MUSIC festivals across Scotland are dying due to cost of living crisis, organizers say.
The bosses had to cancel the parties due to poor ticket sales as players were under pressure to get paid.
Young and established events are among those that need to be canceled or pushed back.
Alan Govan, 41, Director ofand development for MugStock said around £25,000 was lost as a result of the postponement of this year’s event.
Cumbernauld businessman wantsBreaks available for theatre, television, film and museums can be expanded .
He said, “The costs have increased dramatically, in some cases by 300 percent.” ThisThere are reliefs intended to make it financially easier for companies to create cultural experiences.
“If independentdon’t prosper, the only option will be bigger and commercial .”
Musicis worth more than £580m to the economy but promoters have lost millions, players are seeking refunds and artists and crews are scrambling to find other gigs.
MugStock was scheduled to take place at the Strathallan site this weekin Auchterarder, Perthshire. Scottish rockers Idlewild were hand-picked at the top .
But despite the “best sales ever” the event was “postponed”.
Customers can choose between a full refund on the day for £65 or on the weekend for £160or to turn them around Year.
Out East was also due to take place in Dalkeith Country this weekin Edinburgh, with Faithless, Sister Sledge and Goldie.
Organizers scrapped it in June due to “an incredibly difficult time at events” and “escalating production and event costs.”
Fans have been told to contact their retailer for a refund of their £50.
And the Midnight Sun Weekender was set to take place in May at Lews Castle Grounds in Stornoway, Western Isles.
The line-up consisted of John Fogerty, Primal Scream and the Pretenders.
The organizers blamed “increasing costs and limited availability”. Infrastructure” and “the cost of living crisis” are affecting ticket sales.
Out East organizer Shane Grieve, fromsaid: “Last year was the busiest year ever for Scotland music and when we emerged from Covid.
“This backlog created equipment and staff shortages due to the number of shows and the number of people leaving the stadiumduring the pandemic.

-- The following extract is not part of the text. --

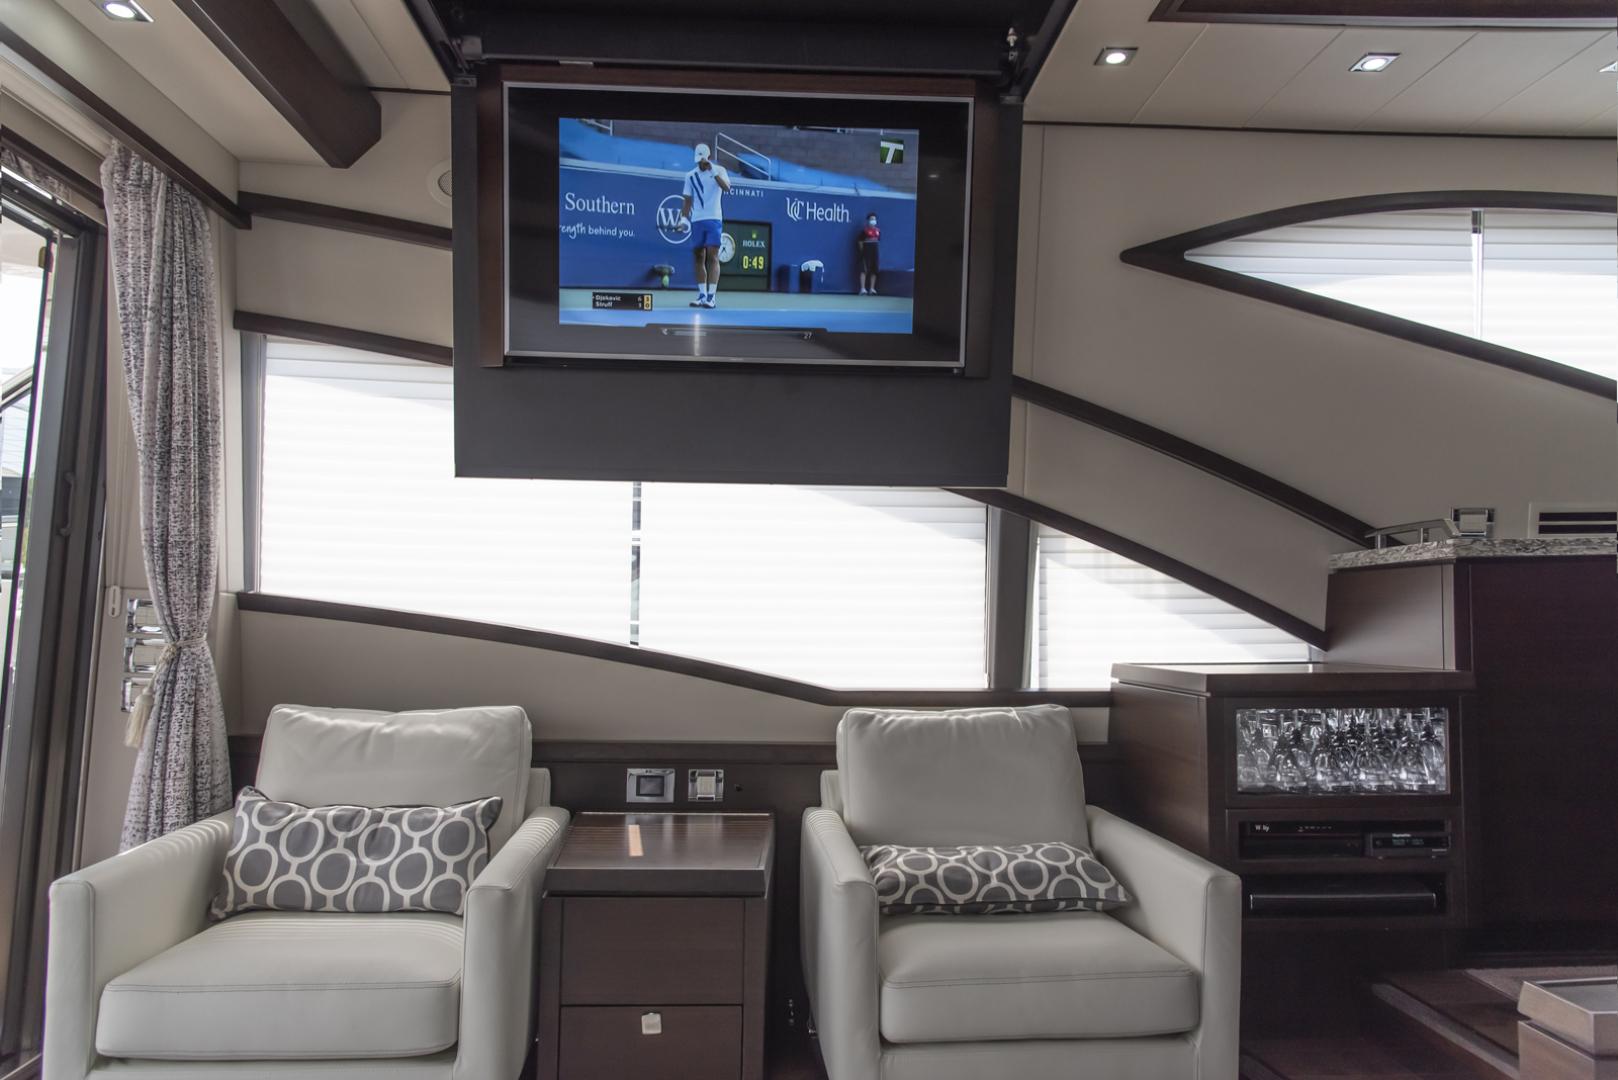 Neptunus-Motor Yacht Express 2018-LIQUID WISDOM Grand Haven-Michigan-United States-Salon TV-1484955 | Thumbnail

This led to a price increase.
“The costs for equipment and personnel have increased even further. That pushed manyfrom breaking even and making losses.”
The Union of Independentssays there were 600 held across four years ago.
This year the number fell by a fifth, so that only 482 events should take place.
Managing Director John Rostron said: “What the festivals sector needs now is a small but quick intervention to ensure operators are ready to meet the challenges of 2023, such as:Cost, and the cost of living crisis.”